From Wikipedia: Asshole (or arsehole in British English) is slang for the anus and is often used as an insult. It is formed from arse, which according to the Oxford English Dictionary has been used since the 11th century to refer to the rump of an animal and since the 14th century to refer to a person's buttocks. The combined form arsehole is first attested from 1500 in its literal use to refer to the anus. ... Its first appearance as an insult term in a newspaper indexed by Google News is in 1965.
At least the mayor has history on his side. In his interview with Jackson Baker in this week's Flyer, Memphis mayor Willie Herenton called his future congressional opponent, Steve Cohen, an "asshole." In discussing what might have happened if he had run into Harold Ford downtown after a heated phone conversation with the former congressman, Herenton said, "I would have whipped his ass." Is there a pattern here?

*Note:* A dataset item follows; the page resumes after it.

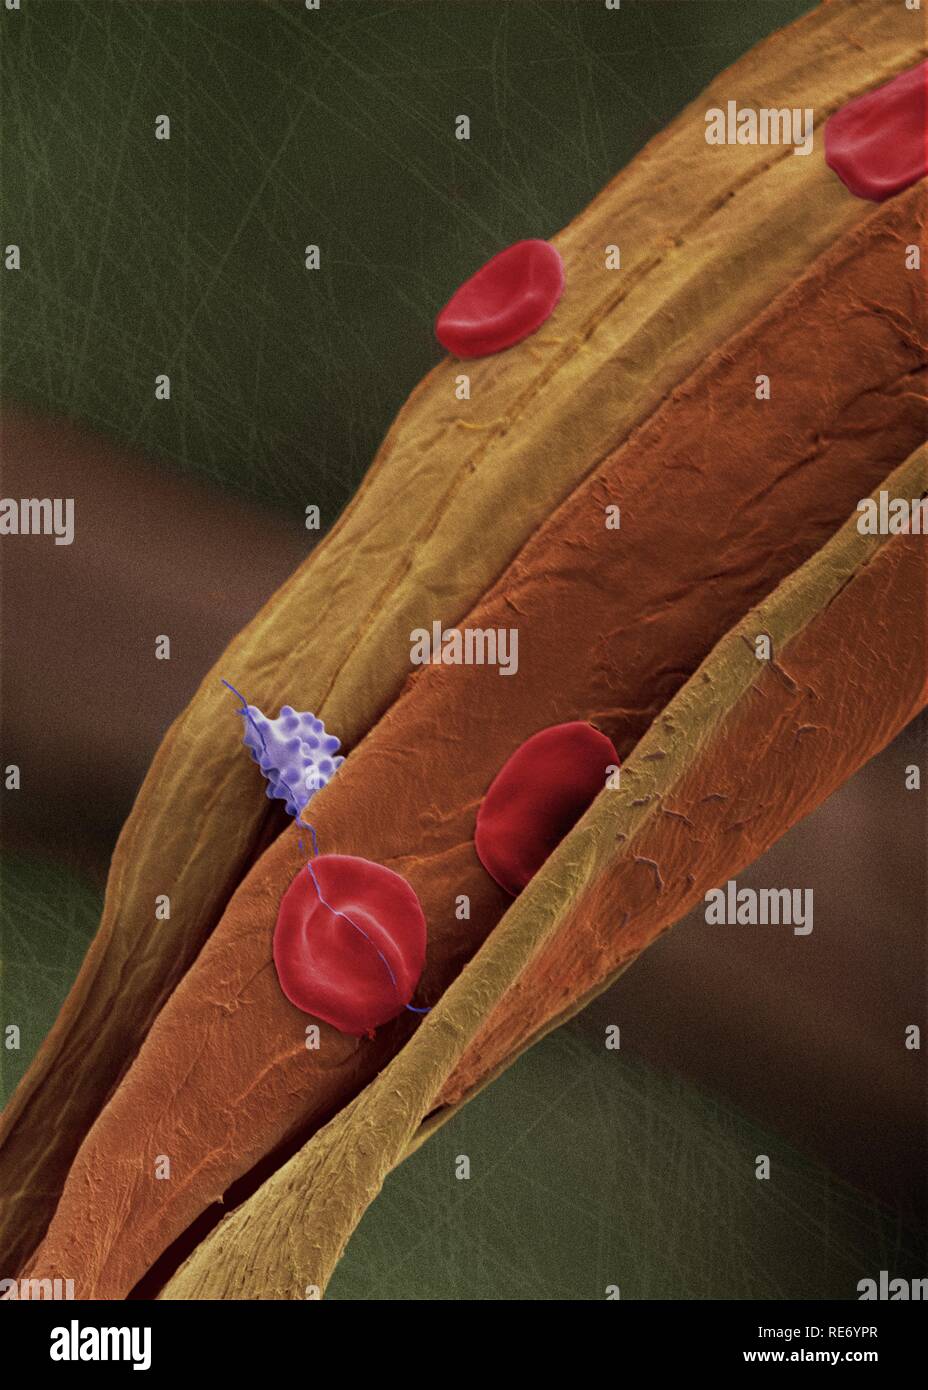 Células sanguíneas humanas sobre una fibra. Fotografía microscopio electrónico de barrido (MEB o SEM). Células sanguíneas humanas sobre una fibra de algodón. Se muestran dos tipos celulares: glóbulos rojos (eritrocitos) y glóbulos blancos (leucocitos) coloreados en violeta. La sangre está compuesta de diferentes tipos celulares. Aquí se muestran los eritrocitos en color rojo. Éstos carecen de núcleo celular y están destinados al transporte de gases. Los eritrocitos son ricos en hemoglobina, una proteína rica en hierro con afinidad para pequeñas moléculas tales como el oxígeno y dióxido de carb Stock Photo

There is, and it's classic Willie Herenton verbiage, designed to get attention and stir up a reaction — for better or worse. When Jackson called me after the interview on Monday and drolly reported the mayor's remarks, I was amazed but not shocked. I was also a happy editor, since I knew we had a bombshell quote that was sure to draw readers to the paper and to the website. (Is that so wrong?) As I wrote in my column this week, Herenton is the Memphis media's best friend. That doesn't mean it's good for the city. Just the opposite.
At some point — a long time ago, in Herenton's case — the game grew wearisome. Attention for attention's sake makes Herenton a happy man, but it does nothing to move this city forward. Such name-calling antics are divisive, childish, and create heat, not light, at a time when this city desperately needs to unite and move toward the light of progress.
This adolescent, tough-guy chatter needs to become history. The exception being that most Memphians would probably tell the mayor not to let the screen-door hit him in the ass on the way out.